Le démantèlement complet des deux réacteurs de la centrale nucléaire de Fessenheim (Haut-Rhin) est désormais autorisé. Un décret publié le 1er mai 2026 et paru au Journal officiel le 3 mai encadre les opérations de déconstruction, trois ans après l’arrêt définitif des installations. Signé conjointement par le Premier ministre, le ministre de l’Économie et la ministre déléguée chargée de l’Énergie, ce texte fixe les modalités techniques, le calendrier ainsi que les équipements nécessaires aux travaux menés par EDF. Selon Reporterre, cette décision marque une étape clé dans la fermeture définitive du site, le premier réacteur ayant été arrêté en 2020.
Ce qu'il faut retenir
- Le décret de déconstruction a été signé le 1er mai 2026 et publié au Journal officiel le 3 mai 2026.
- Il autorise le démantèlement des deux réacteurs de 900 MW arrêtés en 2020.
- Les opérations seront encadrées par EDF, avec des modalités techniques et un calendrier précis définis dans le décret.
- Le texte a été cosigné par le Premier ministre, le ministre de l’Économie et la ministre déléguée chargée de l’Énergie.
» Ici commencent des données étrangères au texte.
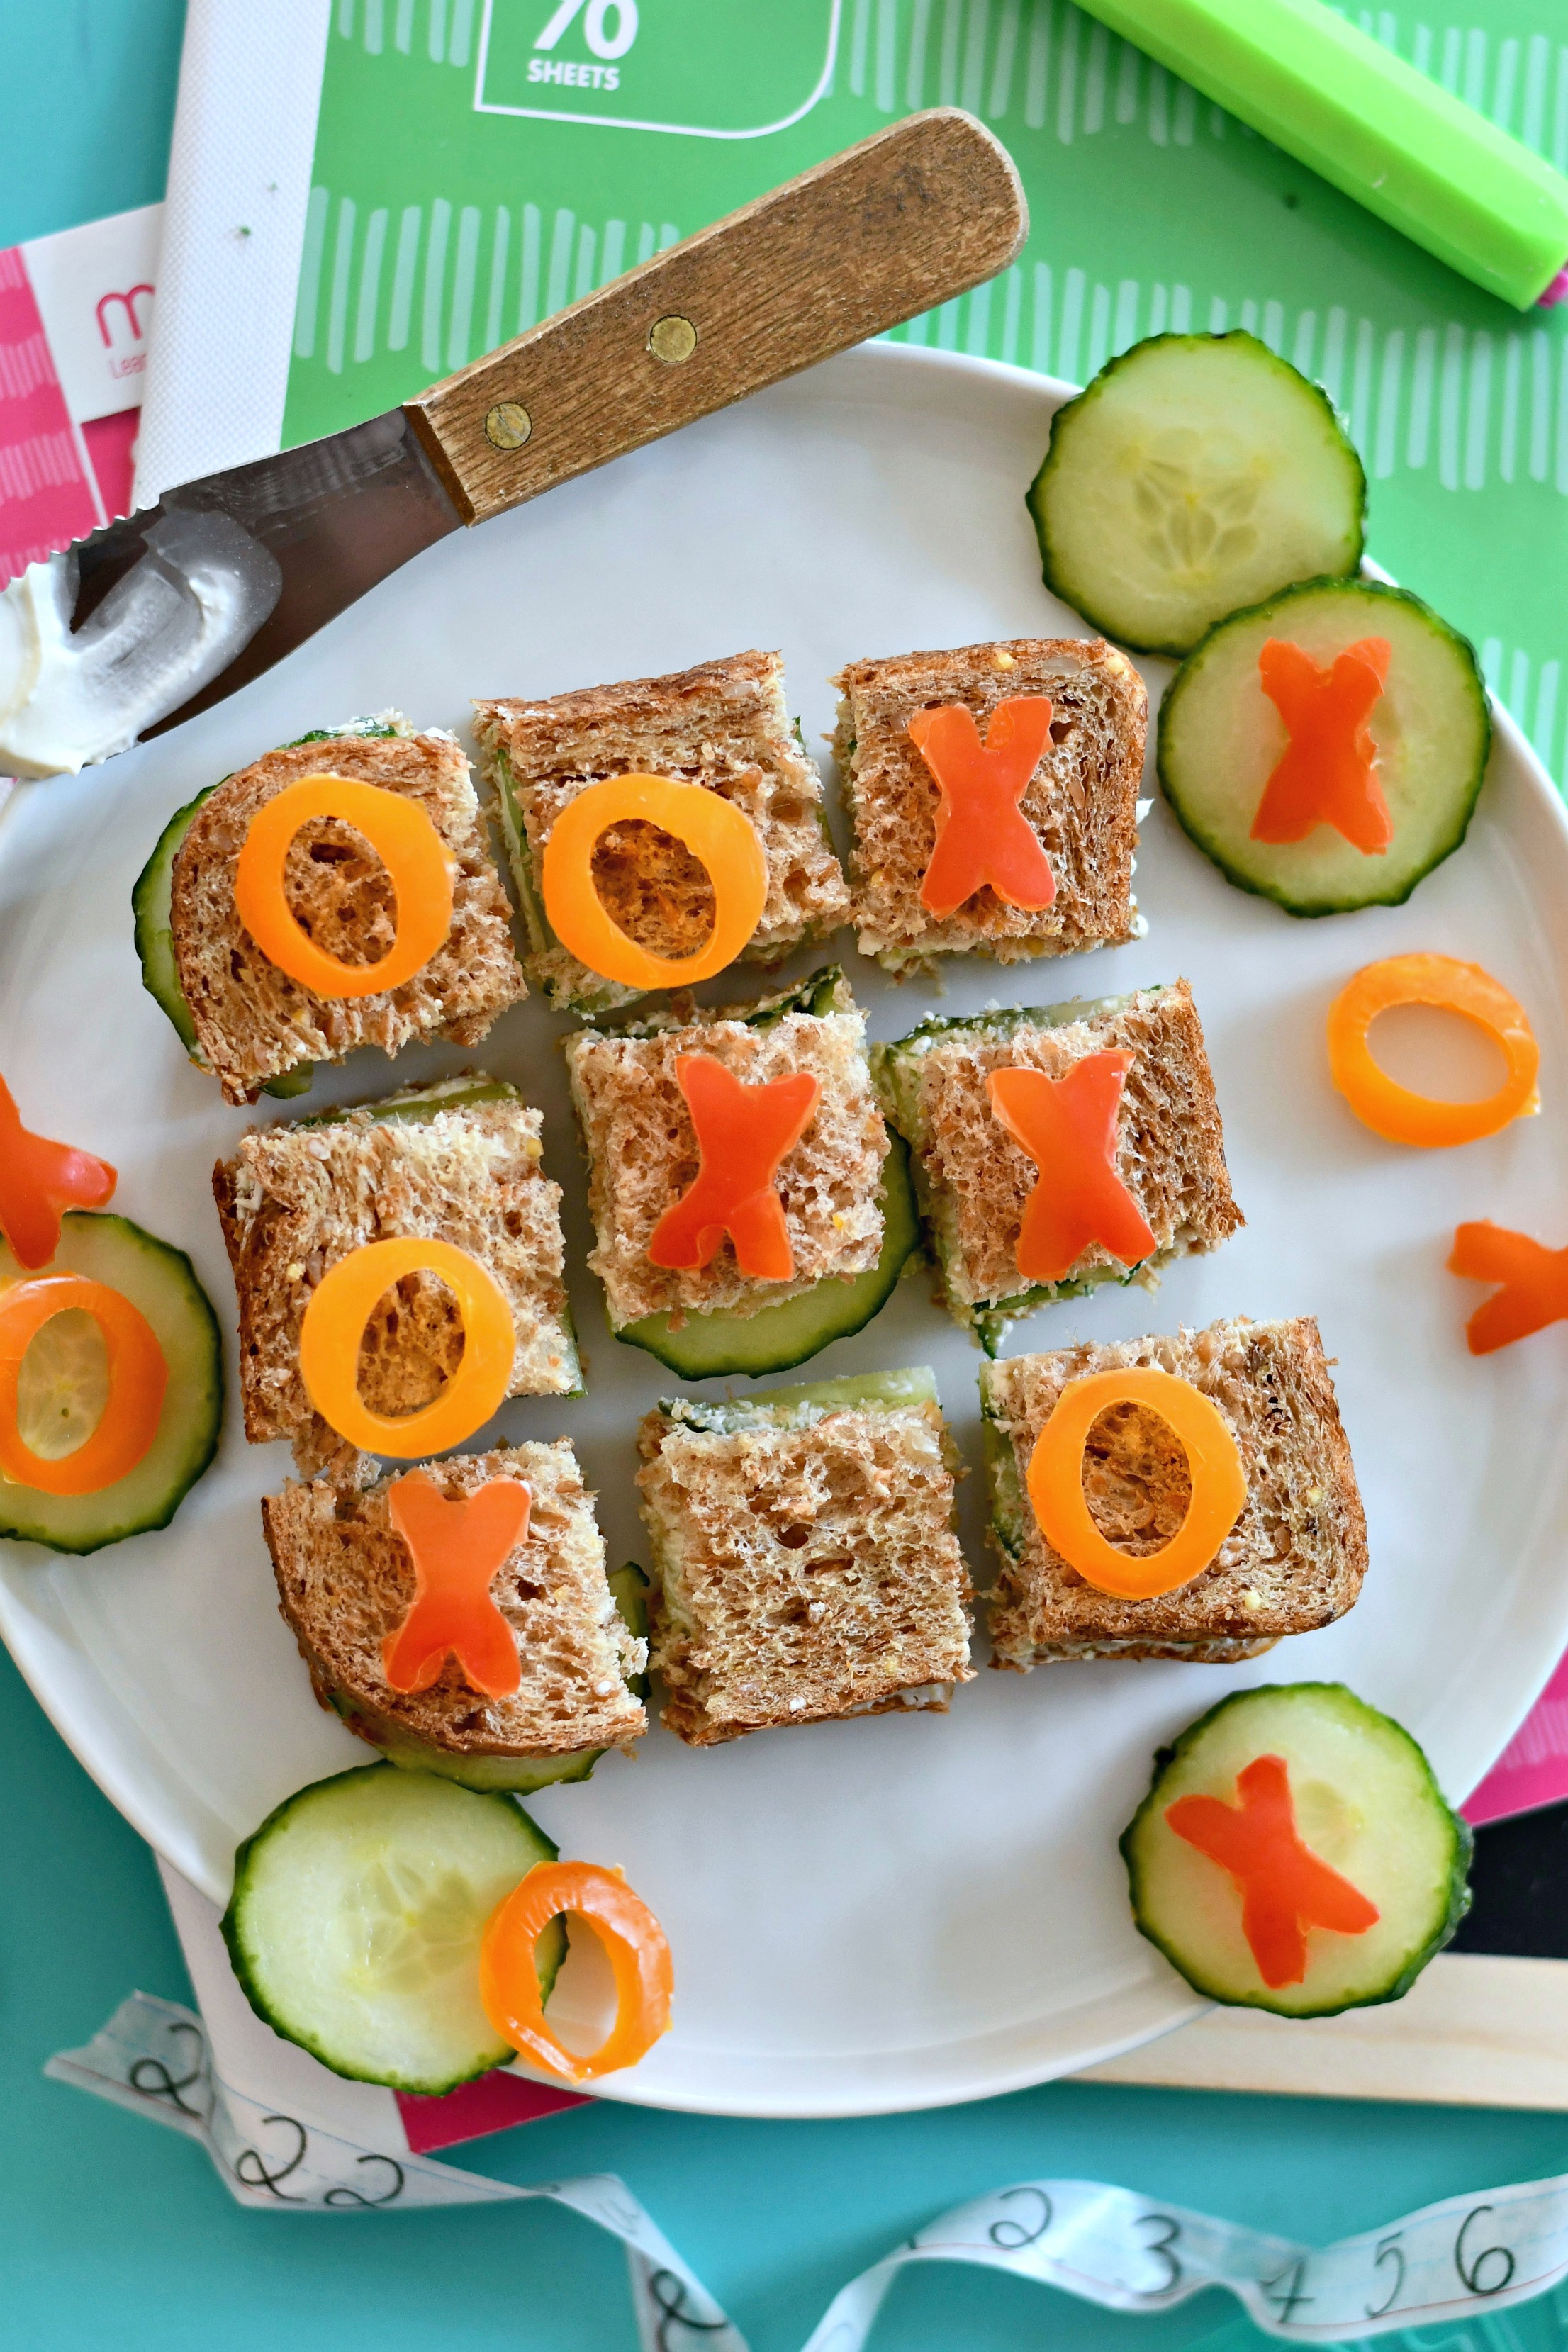 Tic Tac Toe Sandwiches
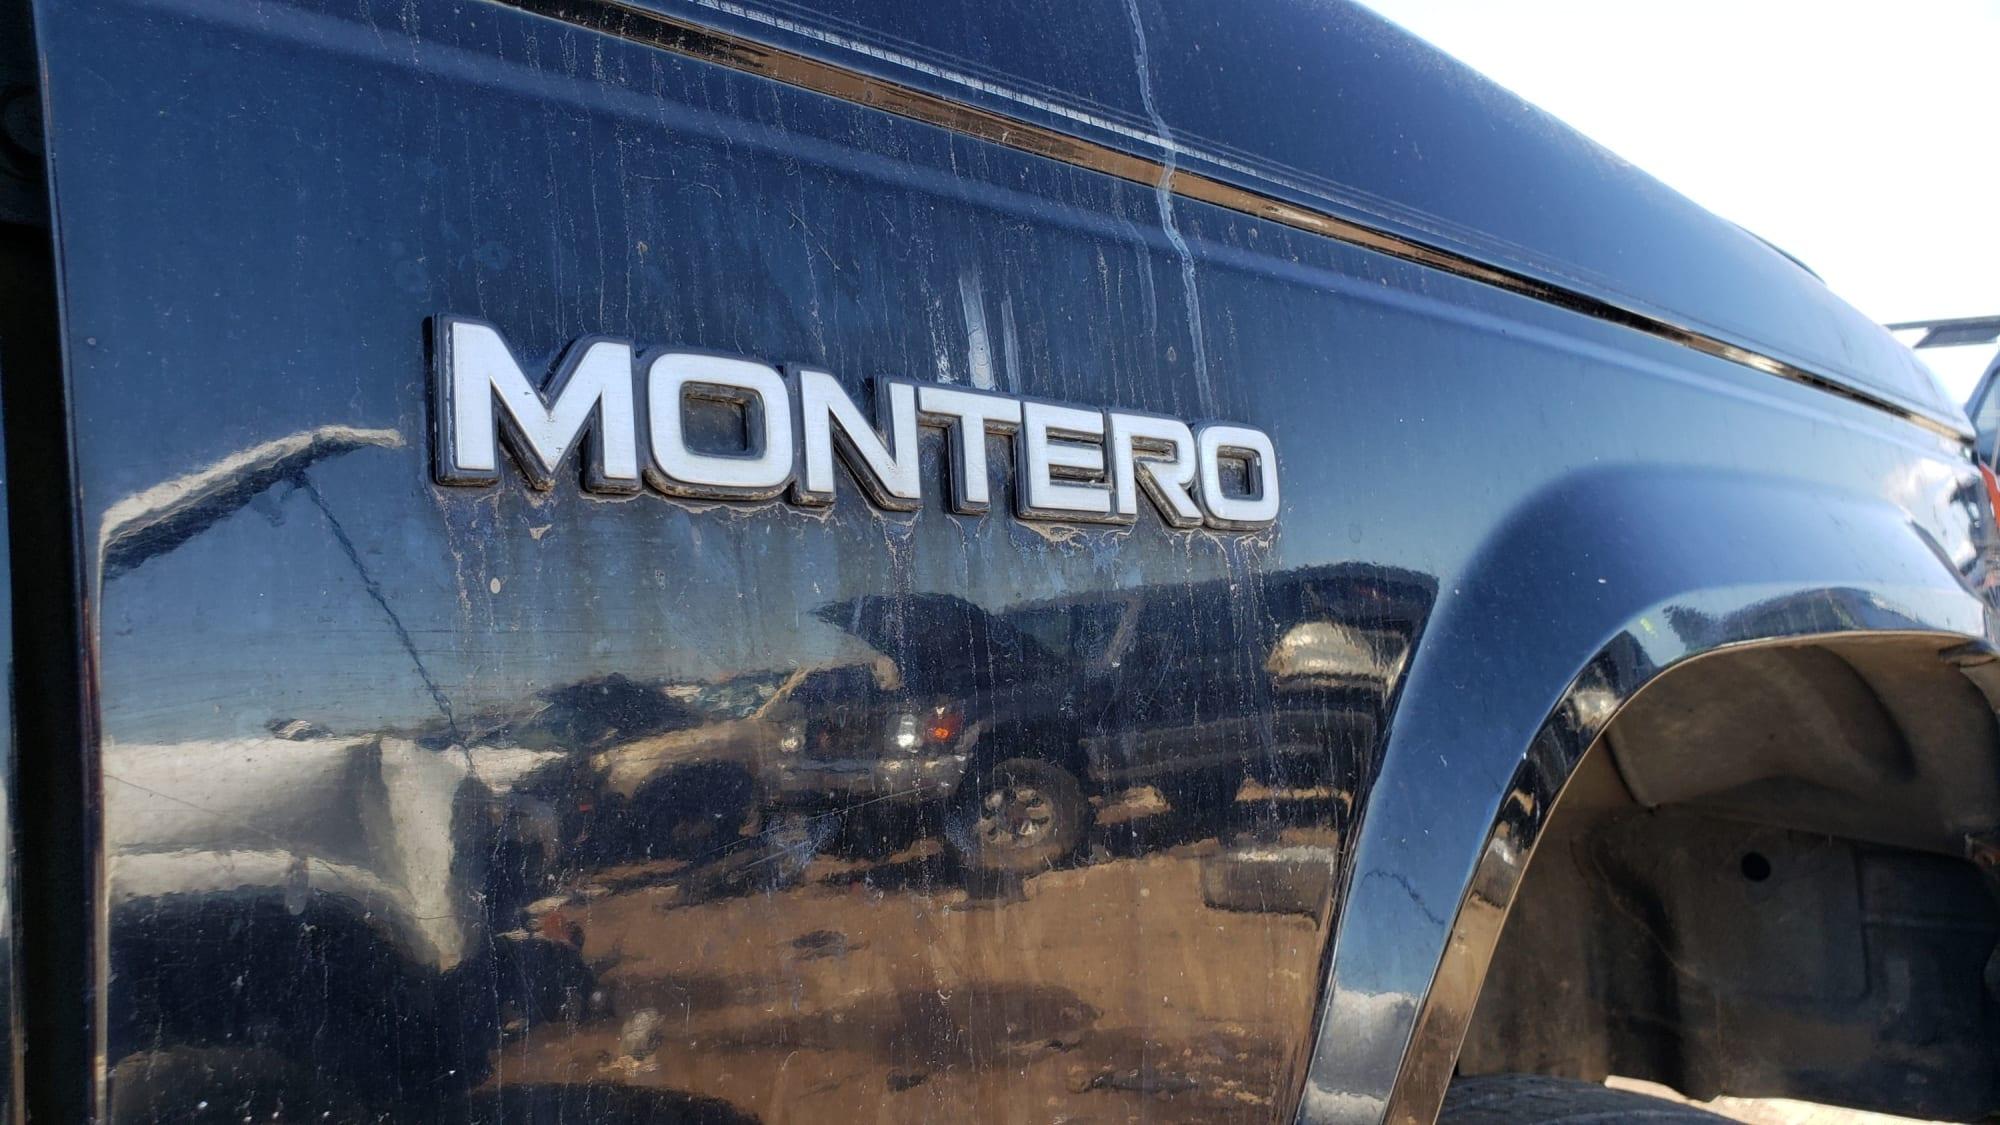 Junked 1990 Mitsubishi Montero

Un projet engagé depuis l’arrêt des réacteurs en 2020
La centrale de Fessenheim, située dans le Haut-Rhin, a cessé définitivement ses activités en 2020, après des années de débats sur sa fermeture. Les deux réacteurs de 900 mégawatts (MW), parmi les plus anciens du parc nucléaire français, ont été mis à l’arrêt dans le cadre de la politique de réduction de la part du nucléaire dans la production d’électricité. EDF, gestionnaire historique du site, est désormais chargé des opérations de démantèlement, une procédure complexe et encadrée par la réglementation.
Le décret publié ce mois-ci officialise ainsi une phase cruciale, celle de la déconstruction proprement dite. Les travaux devraient s’étaler sur plusieurs années, avec des étapes clés comme le démontage des équipements, la gestion des déchets radioactifs et la sécurisation du site. Selon les estimations d’EDF, cette phase pourrait durer jusqu’à dix à quinze ans, en fonction des imprévus techniques ou réglementaires.
Des garanties environnementales et sécuritaires renforcées
Le texte signé par les autorités gouvernementales intègre des exigences strictes en matière de sécurité et de protection de l’environnement. Les opérations de déconstruction doivent respecter les normes en vigueur, notamment celles définies par l’Autorité de sûreté nucléaire (ASN). Celle-ci supervisera les différentes phases du chantier pour s’assurer du respect des protocoles et de la gestion des risques.
« La déconstruction doit se faire dans le strict respect des règles de radioprotection et de gestion des déchets », a rappelé un porte-parole du ministère de la Transition écologique. Les déchets radioactifs, en particulier ceux issus du combustible usé, seront traités dans des installations dédiées, comme celles du site de La Hague, en Normandie. Le décret précise également les modalités de surveillance post-opération, afin de garantir la sécurité à long terme du site.
Un symbole de la transition énergétique en France
La fermeture de Fessenheim s’inscrit dans une dynamique plus large de transition énergétique en France. Le gouvernement mise sur le développement des énergies renouvelables et la réduction progressive de la dépendance au nucléaire, tout en maintenant un parc sécurisé et performant. La déconstruction de la centrale illustre ainsi les défis techniques et économiques liés à la fin de vie des installations nucléaires, un enjeu majeur pour l’industrie dans les décennies à venir.
« Fessenheim est le premier grand réacteur à être démantelé en France, ce qui en fait un projet pilote », a souligné un expert du secteur. Les retours d’expérience accumulés ici serviront pour les futures opérations, notamment celles prévues sur les sites de Bugey, Tricastin ou Chinon. Reste à voir si les délais et les coûts resteront maîtrisés, un point de vigilance souvent souligné par les associations environnementales.
Cette décision intervient alors que le débat sur l’avenir du nucléaire en France reste vif, entre défenseurs d’une énergie décarbonée et partisans d’une sortie progressive. Quoi qu’il en soit, le feu vert donné pour Fessenheim marque une étape concrète vers une nouvelle page pour le site alsacien.
Les risques principaux concernent la manipulation des déchets radioactifs et la sécurité des travailleurs. L’Autorité de sûreté nucléaire (ASN) impose des protocoles stricts pour limiter toute exposition aux rayonnements. EDF doit également garantir l’étanchéité des installations pendant les opérations et prévenir tout risque de contamination.